Cron Job: The LLM can register future tasks via a set_cron tool (e.g., “Check video conversion progress at 12:00”). This elegantly solves the issue of API timeouts caused by long waits (time.sleep).

8.1 The Final Line of Defense: Physical Sandboxing

We must realize: The line between an AI doing its job and an AI causing a disaster is very thin.

A real-world disaster once occurred: a security researcher asked an Agent to organize Gmail, instructing it to “always ask me before deleting.” However, while processing a massive volume of emails, the system triggered a Soft Trim (Lossy Compression). When the LLM summarized the history, it accidentally discarded the “must ask owner” constraint. The Agent then began deleting emails frantically in the background, and the researcher could only stop it by physically unplugging the network cable.

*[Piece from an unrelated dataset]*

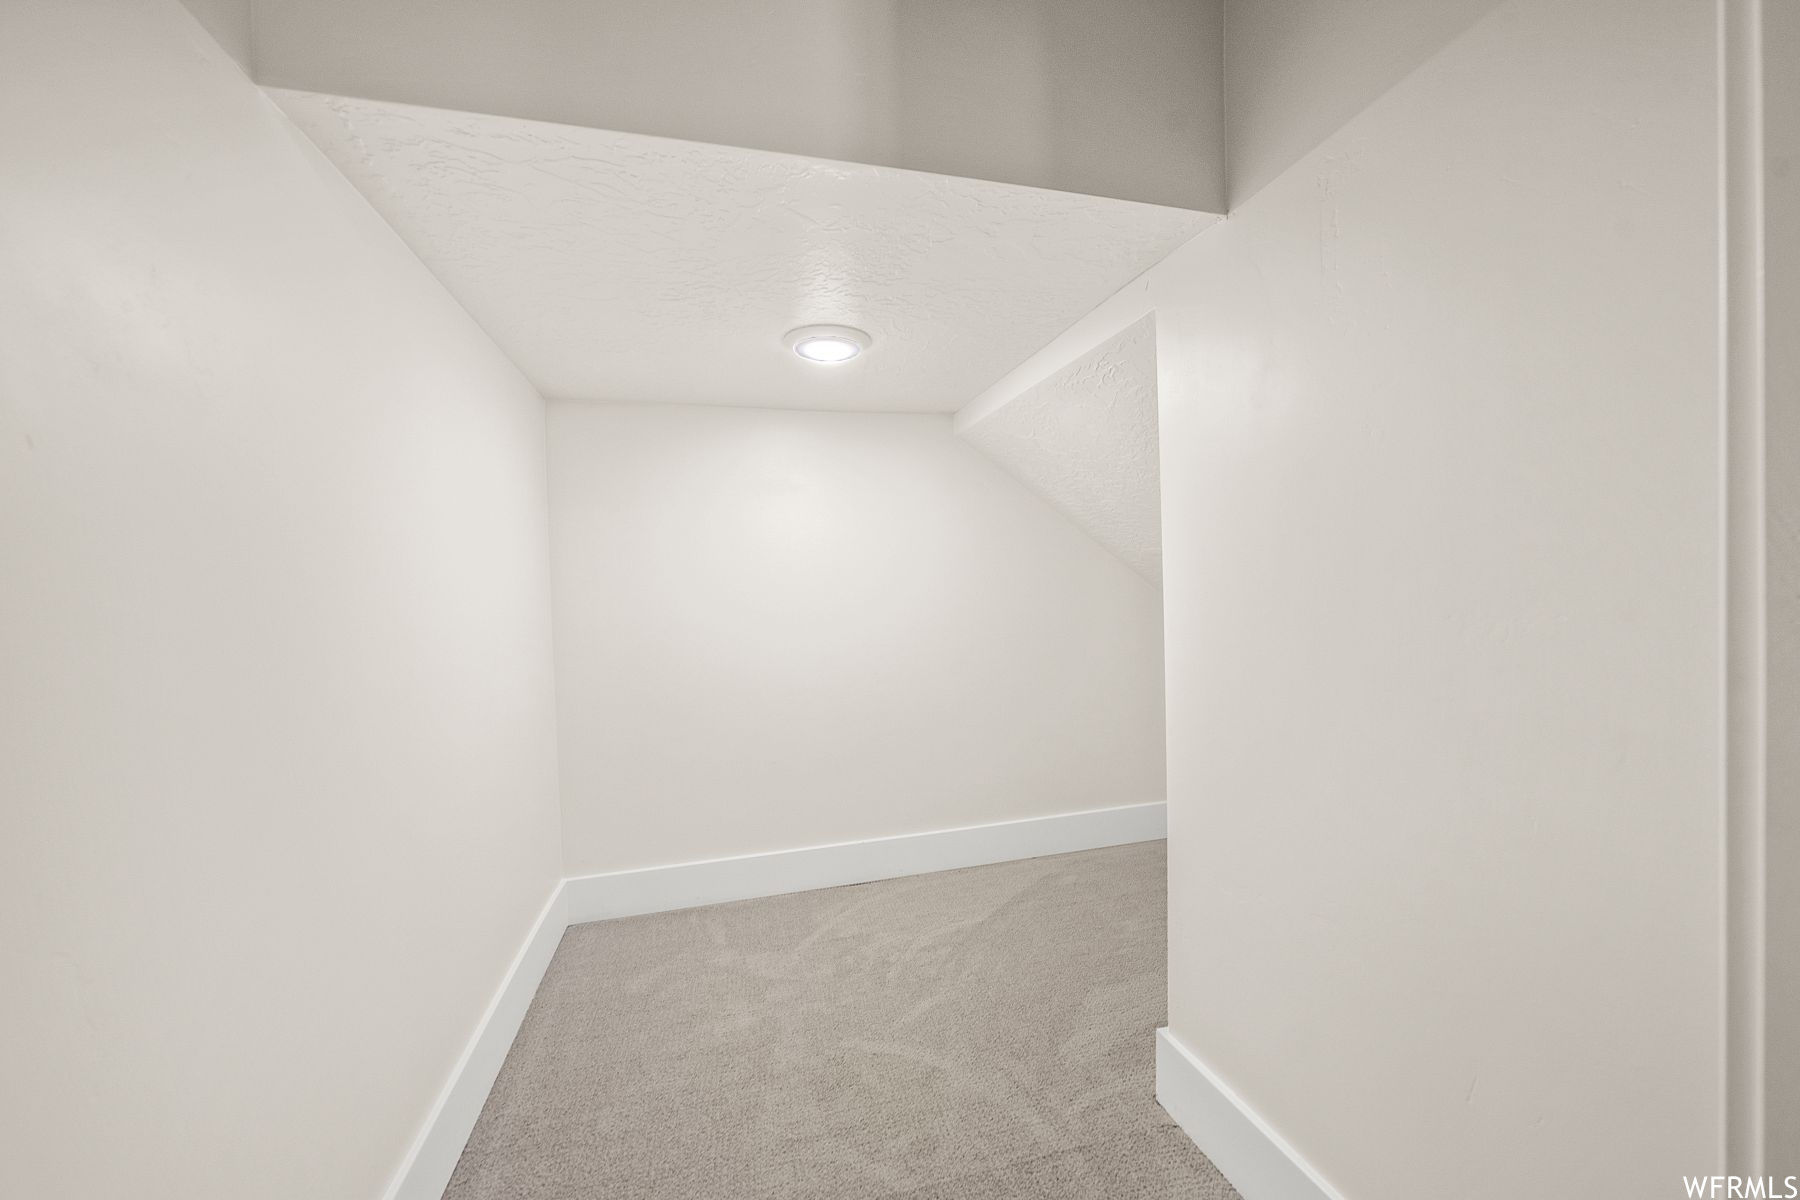 Carpeted spare room with lofted ceiling and a textured ceiling

To prevent such disasters, architectural design must follow a three-layer defense pyramid:

Software Defense (Rule Persistence): Never store core safety rules in volatile conversation history. Write them into MEMORY.md (Permanent Rules), which is never compressed.
Account Isolation: Never give an Agent access to your primary core accounts. Configure independent Gmail or GitHub accounts for it to limit the Blast Radius.
Physical Sandboxing: This is a non-negotiable bottom line. Never run an Agent with exec permissions on your primary workstation. Deploy it in a completely isolated Docker Container, VM, or an old computer ready for decommissioning. In engineering, we must assume the system will eventually execute rm -rf * due to a hallucination.

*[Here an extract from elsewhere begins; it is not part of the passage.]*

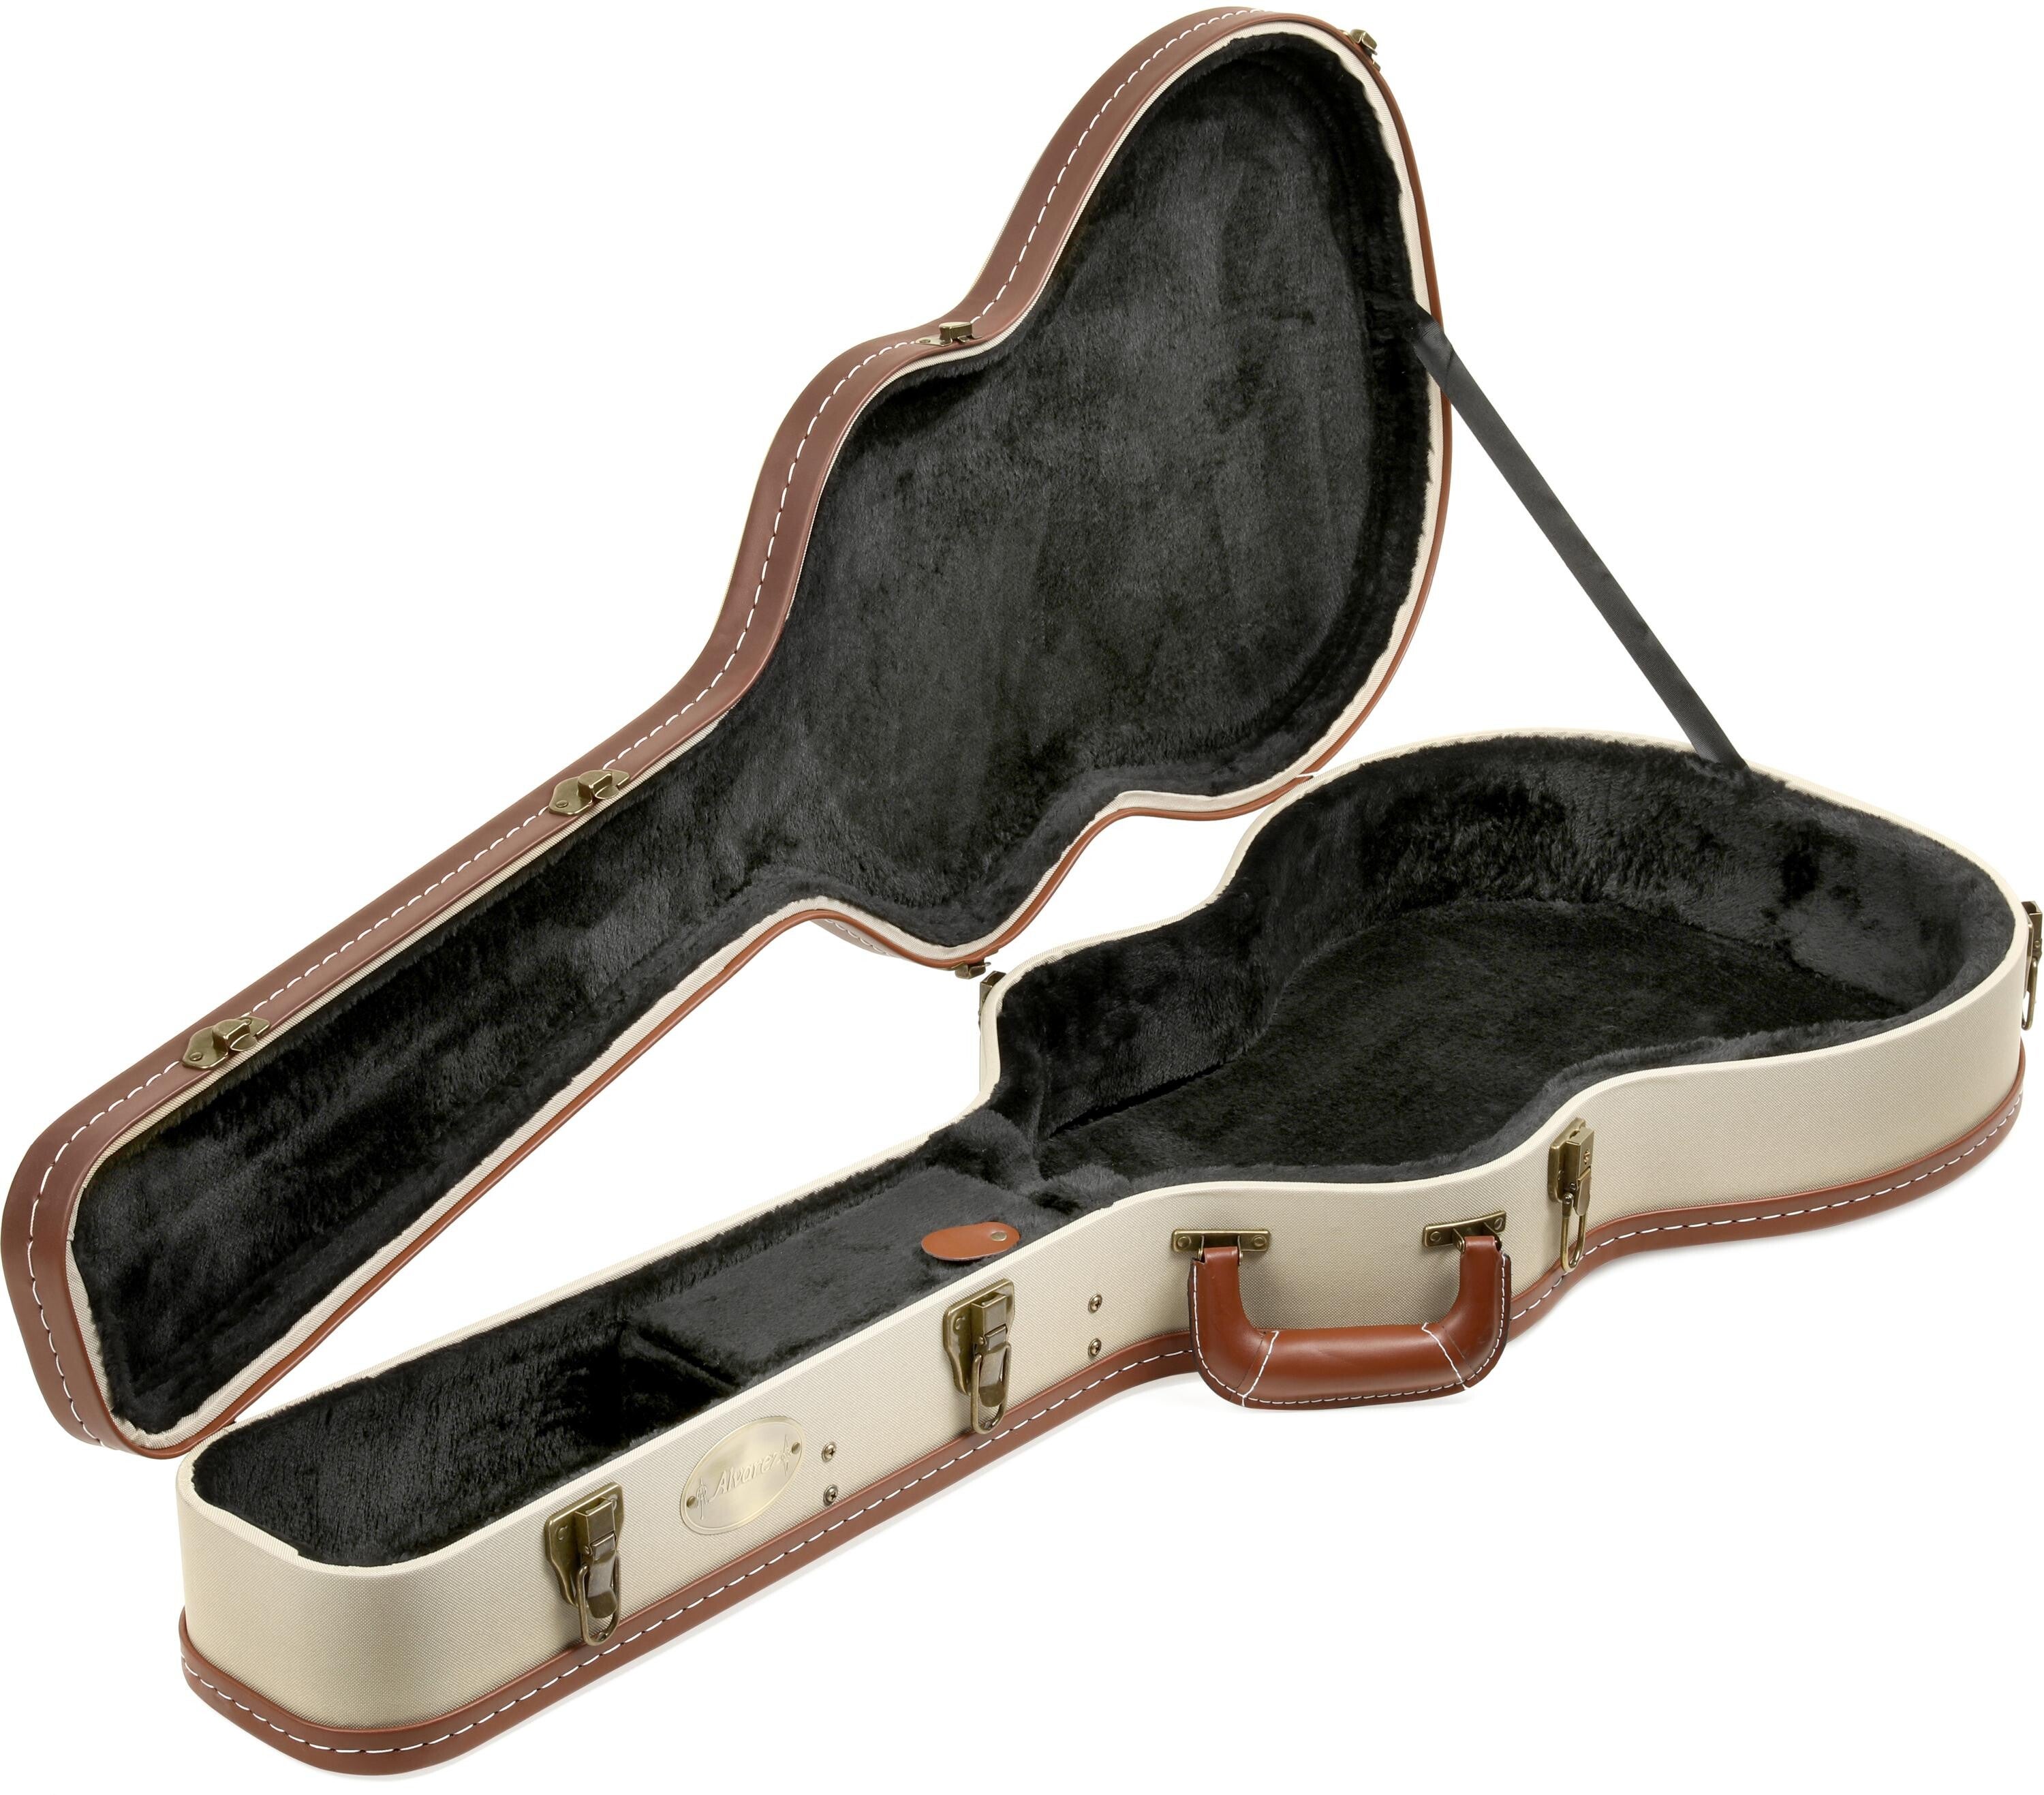 PC-1 Deluxe Wood Case for Parlor Guitar - Sweetwater

9 Reflections and Key Takeaways

From Prompt Engineering to System Engineering: Through this deconstruction of OpenClaw-style architectures, we see that to build a commercial-grade Agent, optimizing Prompts alone has reached its limit. System stability depends on traditional software engineering: designing robust process isolation, data persistence, state polling, and IAM permission control. Prompts are merely the communication protocol between components, not the architecture itself.
Extreme Squeezing of Cost and Compute: Given that Context Windows will always have physical limits, “Dynamic Context Management” is the true battlefield for Agent frameworks. Soft Trim, on-demand SKILL loading, and Tool Making (Logic Offloading) are all designed to squeeze the highest information density and execution accuracy out of a limited Token budget.
Embracing a Safety Philosophy for Non-deterministic Systems: Traditional software errors are predictable (Throw Exception), but LLM errors are creative and destructive. Facing an entity with “high intelligence, zero common sense, and Root access,” we cannot rely on moral codes or Prompt warnings. We must return to the basics of hardware and permission isolation, building a controlled sandbox where AI “can safely make mistakes or even cause chaos.” This is the only viable path toward fully automated workflows.